To facilitate this reading of nonhuman/human and material/discursive interpenetration in urban literary representations, I will use New Materialist perspectives, including Stacy Alaimo's theorisation of transcorporeality. Transcorporeality decentres anthropocentric discourses by repositioning the human 'as substantially and perpetually interconnected with the flows of substances and the agencies of environments' (2012, p.478).
By exploring these 'flows' in imagined urban environments, where nonhuman others are foregrounded as agential, a more expansive and ethical interaction with our everyday natures may be conceptualised.
To avoid dualistic utopianism and Judeo-Christian structures of apocalypse which have been popular fictional tools for motivating meaningful environmental change, I will engage with an ethics of ongoing change as articulated by Donna Haraway's premise of 'staying with the trouble', described as: "learning to be truly present, not as a vanishing pivot between awful or edenic pasts and apocalyptic or salvific futures, but as mortal critters entwined in myriad unfinished configurations or places, time, matter, meanings. (2016, p.1) "

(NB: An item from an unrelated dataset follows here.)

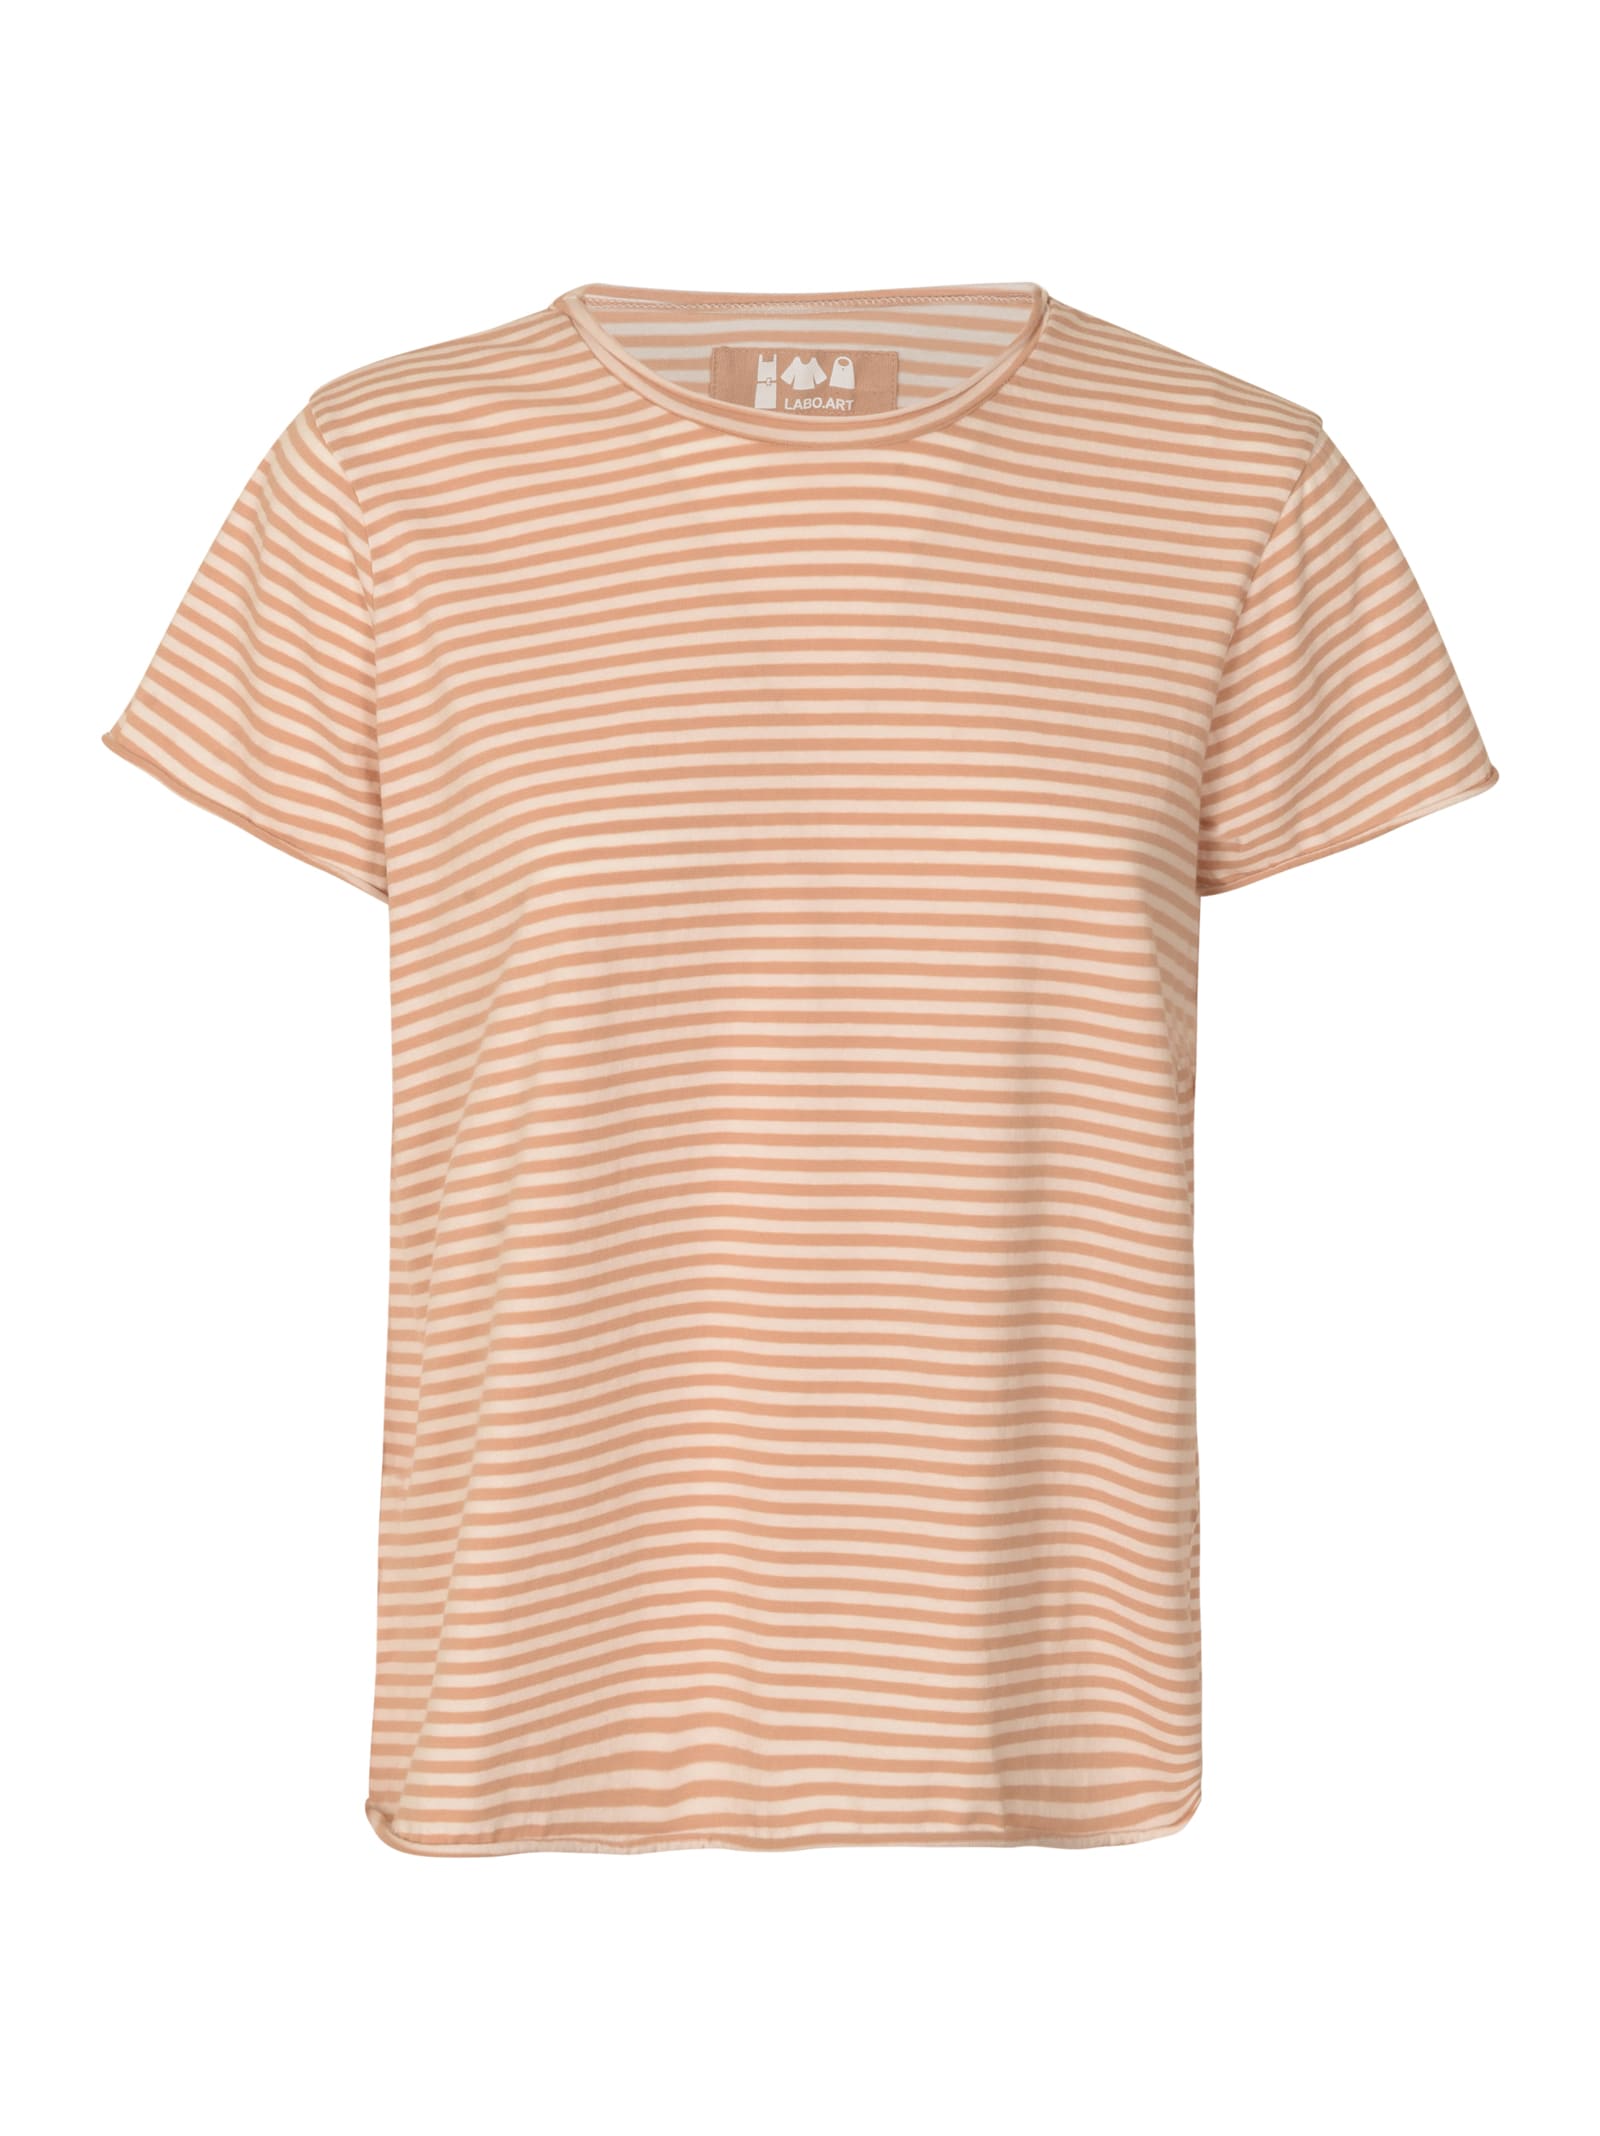 Labo.Art Stripe T-shirt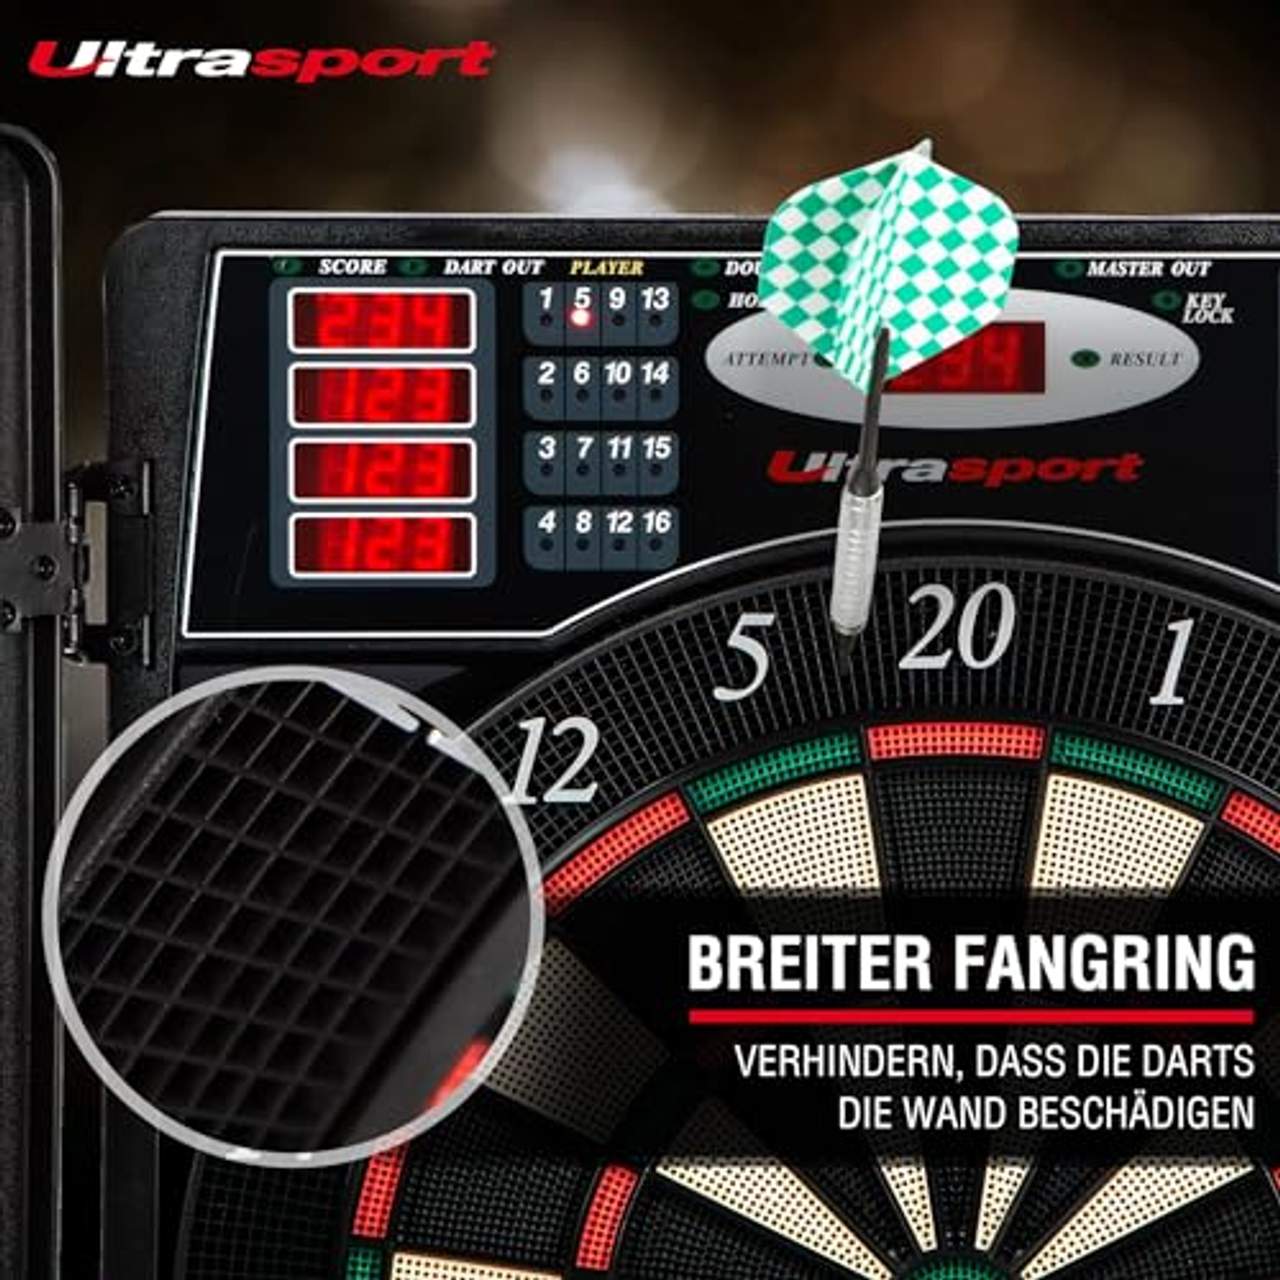 Ultrasport elektrisches Dartboard

Rather than engaging in environmental narratives leading to concretized endings, Haraway suggests we stay with the trouble by examining our present and modes of material/discursive interaction with it, to identify new or existing connections which offer more ontologically and epistemologically harmonious 'worldings'.
As genres which construct whole worlds or futures, this research will evaluate how science fiction and near future fiction narratives are positioned to foreground urban spaces which imaginatively challenge anthropocentric frameworks for more ethical and expansive engagement with nonhuman co-collaborators. By identifying narrative patterns and structures for nonhuman/human relations within SSF texts, the project will reflect on current and alternative sustainable modes of inhabiting our multispecies cities for ecologically generative futures.